Data for the task -
_ _ _
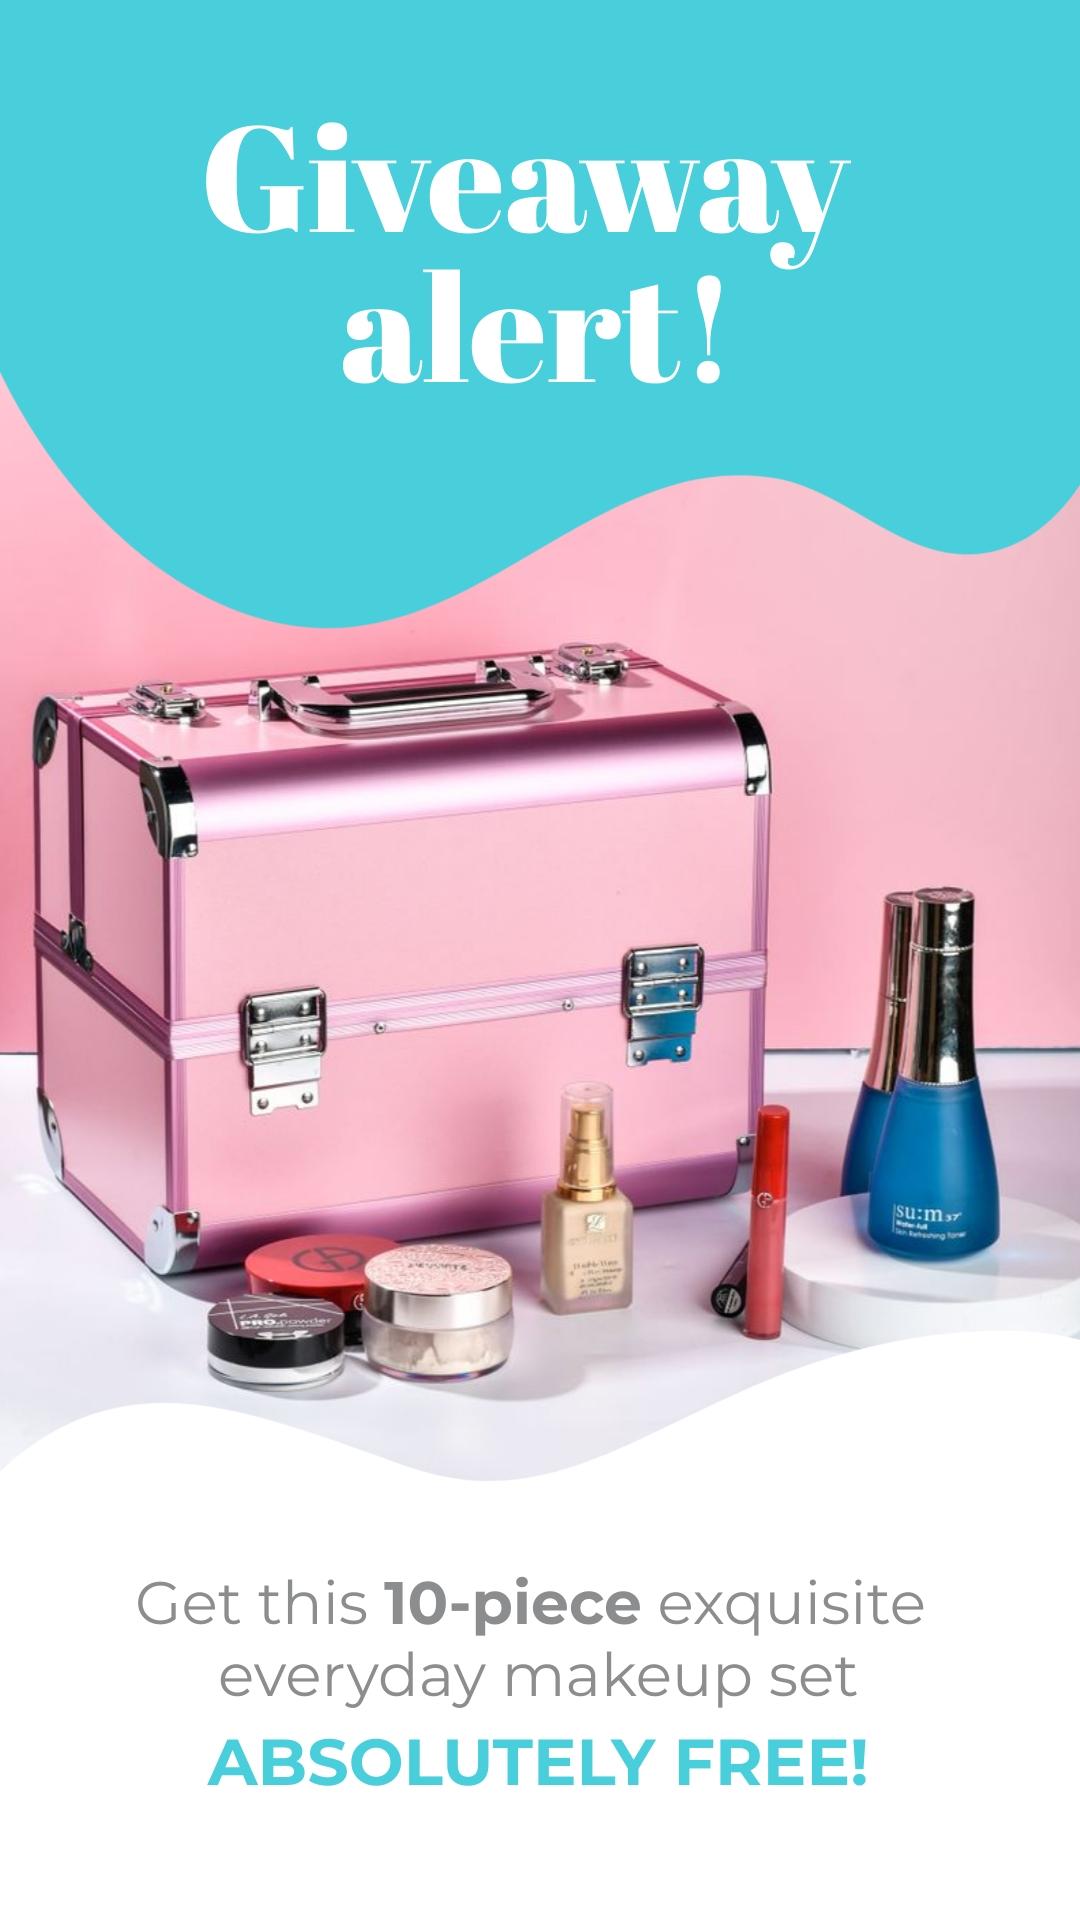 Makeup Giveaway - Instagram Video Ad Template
_ _ _
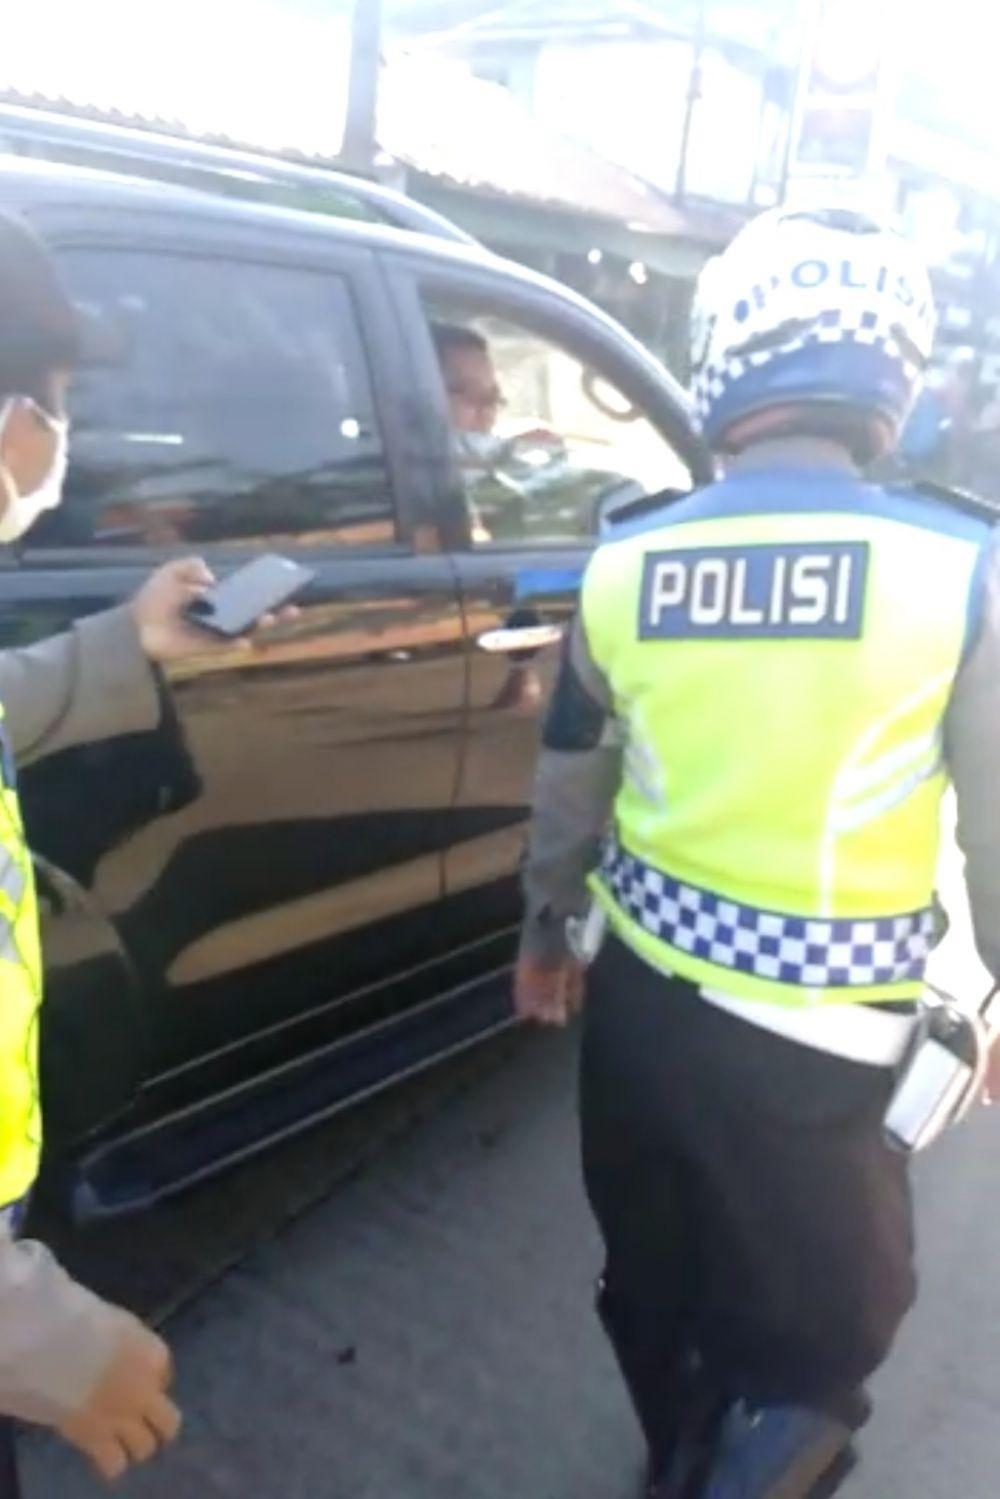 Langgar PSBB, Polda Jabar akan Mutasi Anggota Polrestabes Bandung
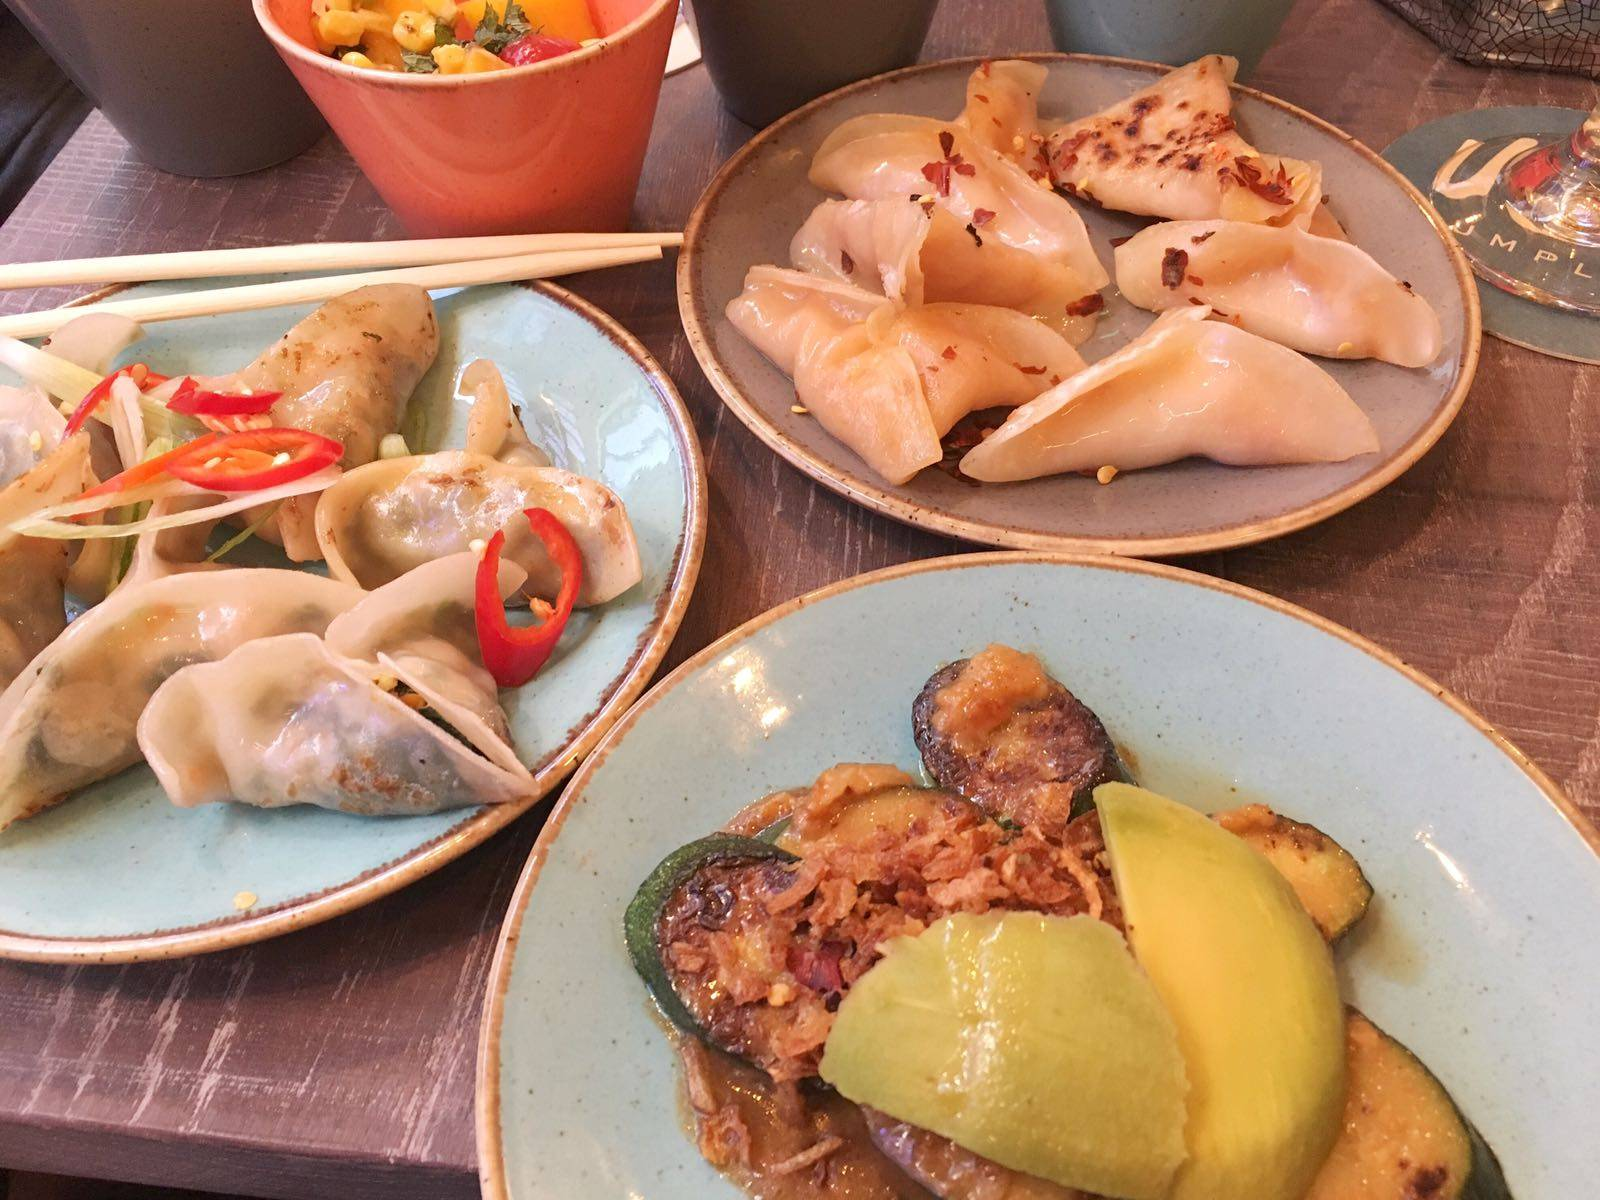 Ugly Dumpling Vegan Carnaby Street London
_ _ _
Exercise - Retype the lines above exactly as they appear, from the line containing "Langgar PSBB, Polda" through the line containing "Ugly Dumpling Vegan Carnaby Street London", and leave out any pictures.

Output of the exercise -
 Langgar PSBB, Polda Jabar akan Mutasi Anggota Polrestabes Bandung
 Ugly Dumpling Vegan Carnaby Street London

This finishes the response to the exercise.